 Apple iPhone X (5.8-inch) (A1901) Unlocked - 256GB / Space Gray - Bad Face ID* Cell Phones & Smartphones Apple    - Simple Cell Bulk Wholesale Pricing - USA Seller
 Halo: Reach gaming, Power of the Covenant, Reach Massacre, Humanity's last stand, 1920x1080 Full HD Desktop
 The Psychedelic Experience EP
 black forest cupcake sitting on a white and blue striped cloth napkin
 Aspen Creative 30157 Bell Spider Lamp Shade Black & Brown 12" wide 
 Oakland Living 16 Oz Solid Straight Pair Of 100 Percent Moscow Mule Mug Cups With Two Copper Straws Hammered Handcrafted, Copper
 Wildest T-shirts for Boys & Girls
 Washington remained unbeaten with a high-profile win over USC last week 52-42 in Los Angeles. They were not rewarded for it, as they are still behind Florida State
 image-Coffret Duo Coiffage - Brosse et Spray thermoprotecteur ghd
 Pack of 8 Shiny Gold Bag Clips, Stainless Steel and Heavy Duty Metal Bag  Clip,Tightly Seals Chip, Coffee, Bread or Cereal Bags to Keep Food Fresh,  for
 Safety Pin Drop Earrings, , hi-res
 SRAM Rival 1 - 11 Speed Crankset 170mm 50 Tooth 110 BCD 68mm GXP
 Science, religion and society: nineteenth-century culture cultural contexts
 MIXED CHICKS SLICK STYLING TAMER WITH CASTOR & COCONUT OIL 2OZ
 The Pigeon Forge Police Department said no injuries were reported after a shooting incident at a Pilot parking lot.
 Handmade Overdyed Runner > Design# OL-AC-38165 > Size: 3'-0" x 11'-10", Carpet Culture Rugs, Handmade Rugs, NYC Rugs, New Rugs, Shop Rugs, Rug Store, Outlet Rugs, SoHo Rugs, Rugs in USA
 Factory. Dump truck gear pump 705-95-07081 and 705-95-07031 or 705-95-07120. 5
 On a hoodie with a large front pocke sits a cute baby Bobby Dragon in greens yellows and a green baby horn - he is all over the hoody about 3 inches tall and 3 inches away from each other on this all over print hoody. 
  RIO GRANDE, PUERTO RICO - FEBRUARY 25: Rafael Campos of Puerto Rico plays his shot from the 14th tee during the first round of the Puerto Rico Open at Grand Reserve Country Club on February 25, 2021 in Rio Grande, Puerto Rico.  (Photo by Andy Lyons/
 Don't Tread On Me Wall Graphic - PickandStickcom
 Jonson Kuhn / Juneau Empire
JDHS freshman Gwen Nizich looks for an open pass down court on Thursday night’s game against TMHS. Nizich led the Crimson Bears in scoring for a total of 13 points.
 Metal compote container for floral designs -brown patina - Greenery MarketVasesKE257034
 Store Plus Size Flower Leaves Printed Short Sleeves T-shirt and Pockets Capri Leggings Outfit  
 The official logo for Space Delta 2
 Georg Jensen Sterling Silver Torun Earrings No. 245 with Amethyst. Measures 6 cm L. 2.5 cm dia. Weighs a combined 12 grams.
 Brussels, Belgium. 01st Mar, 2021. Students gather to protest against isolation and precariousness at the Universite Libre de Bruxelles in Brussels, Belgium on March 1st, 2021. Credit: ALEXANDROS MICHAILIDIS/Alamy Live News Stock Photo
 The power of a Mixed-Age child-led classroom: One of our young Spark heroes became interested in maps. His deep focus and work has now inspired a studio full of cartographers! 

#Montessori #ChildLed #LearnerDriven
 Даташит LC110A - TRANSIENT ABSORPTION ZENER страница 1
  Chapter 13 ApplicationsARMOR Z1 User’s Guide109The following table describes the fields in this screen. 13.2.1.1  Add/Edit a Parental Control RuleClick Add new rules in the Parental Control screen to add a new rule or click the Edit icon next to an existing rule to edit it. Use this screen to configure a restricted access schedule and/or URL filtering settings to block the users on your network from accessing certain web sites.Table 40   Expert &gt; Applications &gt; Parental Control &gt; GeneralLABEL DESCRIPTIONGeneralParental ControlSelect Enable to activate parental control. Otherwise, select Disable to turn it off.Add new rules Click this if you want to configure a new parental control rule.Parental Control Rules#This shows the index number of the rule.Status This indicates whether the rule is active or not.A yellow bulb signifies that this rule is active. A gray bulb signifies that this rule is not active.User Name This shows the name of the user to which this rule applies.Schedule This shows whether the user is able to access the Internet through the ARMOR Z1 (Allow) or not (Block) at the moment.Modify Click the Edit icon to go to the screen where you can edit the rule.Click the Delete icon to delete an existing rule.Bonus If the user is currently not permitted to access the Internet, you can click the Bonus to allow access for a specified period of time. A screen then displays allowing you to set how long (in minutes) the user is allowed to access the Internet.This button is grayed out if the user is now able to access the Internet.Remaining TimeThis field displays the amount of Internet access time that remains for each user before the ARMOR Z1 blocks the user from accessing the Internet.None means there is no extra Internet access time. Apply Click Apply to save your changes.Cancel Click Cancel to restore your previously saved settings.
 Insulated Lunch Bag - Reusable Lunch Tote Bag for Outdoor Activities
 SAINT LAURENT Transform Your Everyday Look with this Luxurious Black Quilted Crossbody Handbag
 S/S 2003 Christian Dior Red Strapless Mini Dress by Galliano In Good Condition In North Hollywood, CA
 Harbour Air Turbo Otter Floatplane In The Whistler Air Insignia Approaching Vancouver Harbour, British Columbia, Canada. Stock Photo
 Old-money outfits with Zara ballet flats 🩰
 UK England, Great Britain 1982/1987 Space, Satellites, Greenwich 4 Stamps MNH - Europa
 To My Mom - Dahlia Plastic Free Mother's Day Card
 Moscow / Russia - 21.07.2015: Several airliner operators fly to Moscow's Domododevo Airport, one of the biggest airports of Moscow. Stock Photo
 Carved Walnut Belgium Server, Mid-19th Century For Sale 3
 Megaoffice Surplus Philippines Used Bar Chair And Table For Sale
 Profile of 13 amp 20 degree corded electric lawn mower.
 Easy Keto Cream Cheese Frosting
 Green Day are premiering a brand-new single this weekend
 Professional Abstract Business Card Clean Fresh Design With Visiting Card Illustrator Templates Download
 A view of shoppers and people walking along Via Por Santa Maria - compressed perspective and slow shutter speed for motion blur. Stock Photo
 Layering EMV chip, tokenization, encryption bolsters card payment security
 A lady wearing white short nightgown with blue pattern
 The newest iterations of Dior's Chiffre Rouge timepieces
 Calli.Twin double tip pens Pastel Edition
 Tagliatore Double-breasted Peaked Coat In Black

------------------------------------------------------------

## ASSIGNMENT
What lines in the data above contain the word "Dior"? Show them all.

## EXERCISE RESPONSE
 S/S 2003 Christian Dior Red Strapless Mini Dress by Galliano In Good Condition In North Hollywood, CA
 The newest iterations of Dior's Chiffre Rouge timepieces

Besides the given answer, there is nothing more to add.